A large storage jar from the Copper Age (early 4th millennium BC) tests positive for wine. This finding published in Microchemical Journal is significant as it's the earliest discovery of wine residue in the entire prehistory of the Italian peninsula. Traditionally, it's been believed wine growing and wine production developed in Italy in the Middle Bronze Age (1300-1100 B.C.)

OTOH it's a pretty good argument, as stated, against the prevailing wisdom that Bell Beakers were necessarily for drinking something like beer or mead [because wine was supposed to be unknown in the region as early as the Bell Beaker era]. This storage jar is about a thousand years older than the Beaker era.

Volat
12-03-2017, 10:12 AM
Georgian wine is the oldest (8,000 ybp) as per Guinness Book of records. The entry about Georgian wine being the oldest was made recently : http://www.guinnessworldrecords.com/world-records/68379-oldest-wine





Chemical evidence of wine, dating back to 6000–5800 BC (the early Neolithic period), was obtained from residues of ancient pottery excavated in the archeological sites of Gadachrili Gora and Shulaveris Gora, about 50 km south of Tbilisi in Georgia. The residues were identified as wine since they contained tartaric acid, which only occurs in large amounts in the Eurasian grape (Vitis vinifera) in the Middle East and the wine made from it. The detection of other organic acids (malic, citric and succinic), also found in the Eurasian grape, provided confirmatory evidence.

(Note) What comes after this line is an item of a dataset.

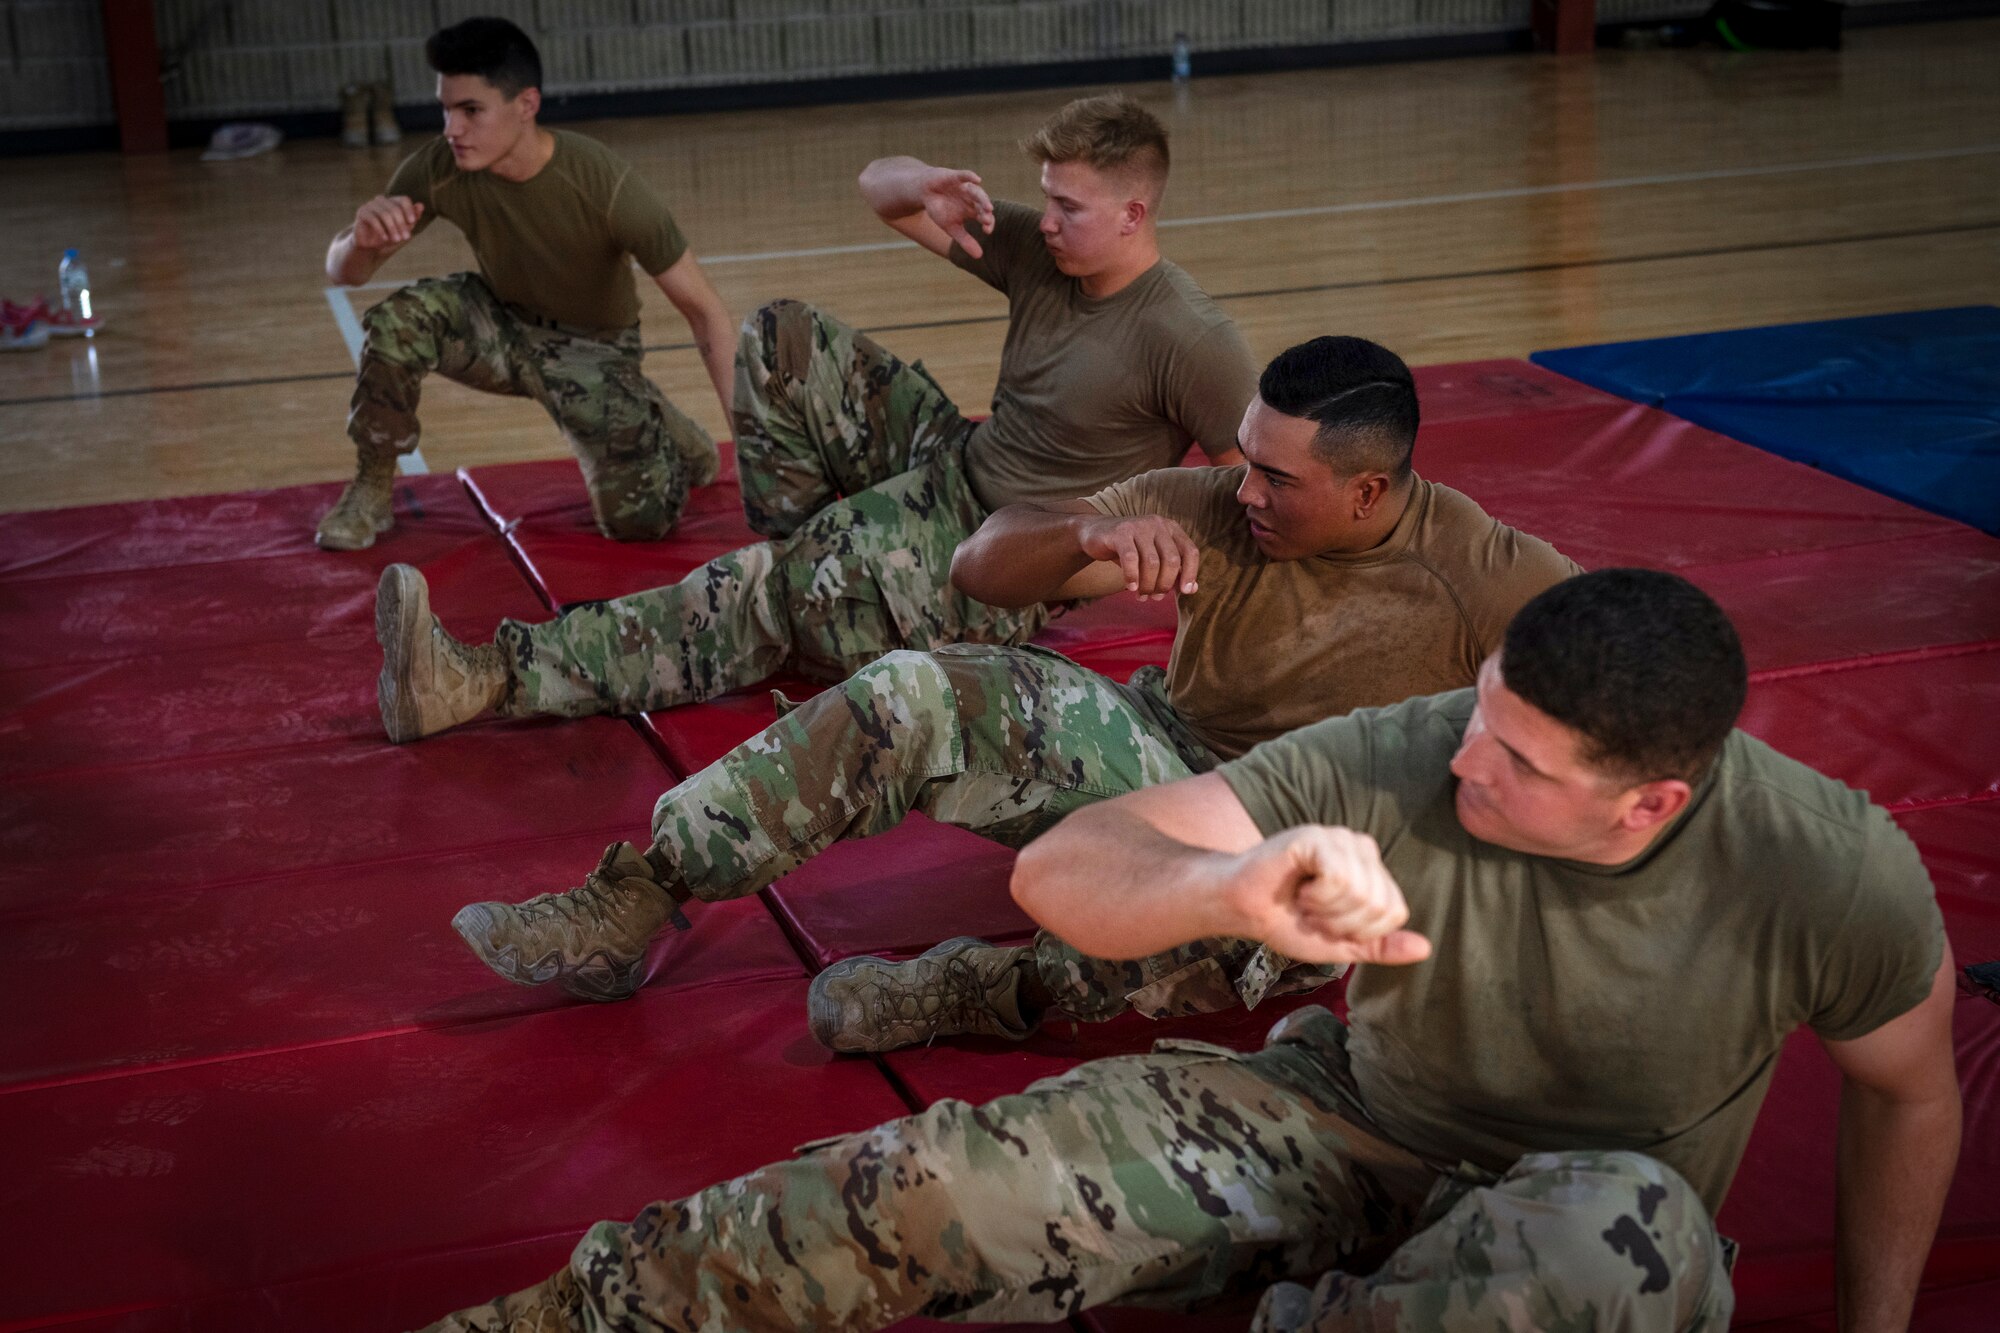 Airmen practice martial arts moves during training.

The wine residues were recovered from large-capacity jars, which were probably used for fermentation, ageing and storage. Prior to this discovery, the oldest chemically identified wine from Hajji Firuz Tepe (Iran) dated back to about 5400–5000 BC. These new findings are from about 600–1,000 years earlier, and indicate that wine-making and possibly viticulture were already in place about 8,000 years ago.

The discovery was made by Prof. Patrick McGovern, a molecular archaeologist from the University of Pennsylvania Museum of Archaeology and Anthropology and lead author of the study "Early Neolithic Wine of Georgia in the South Caucasus", published online in the journal Proceedings of the National Academy of Sciences (PNAS) on 13 November 2017, and scientists from institutions in Georgia, France, Italy, Israel, Canada, Denmark and the USA, who participated in the joint “Research Project for the Study of Georgian Grapes and Wine Culture".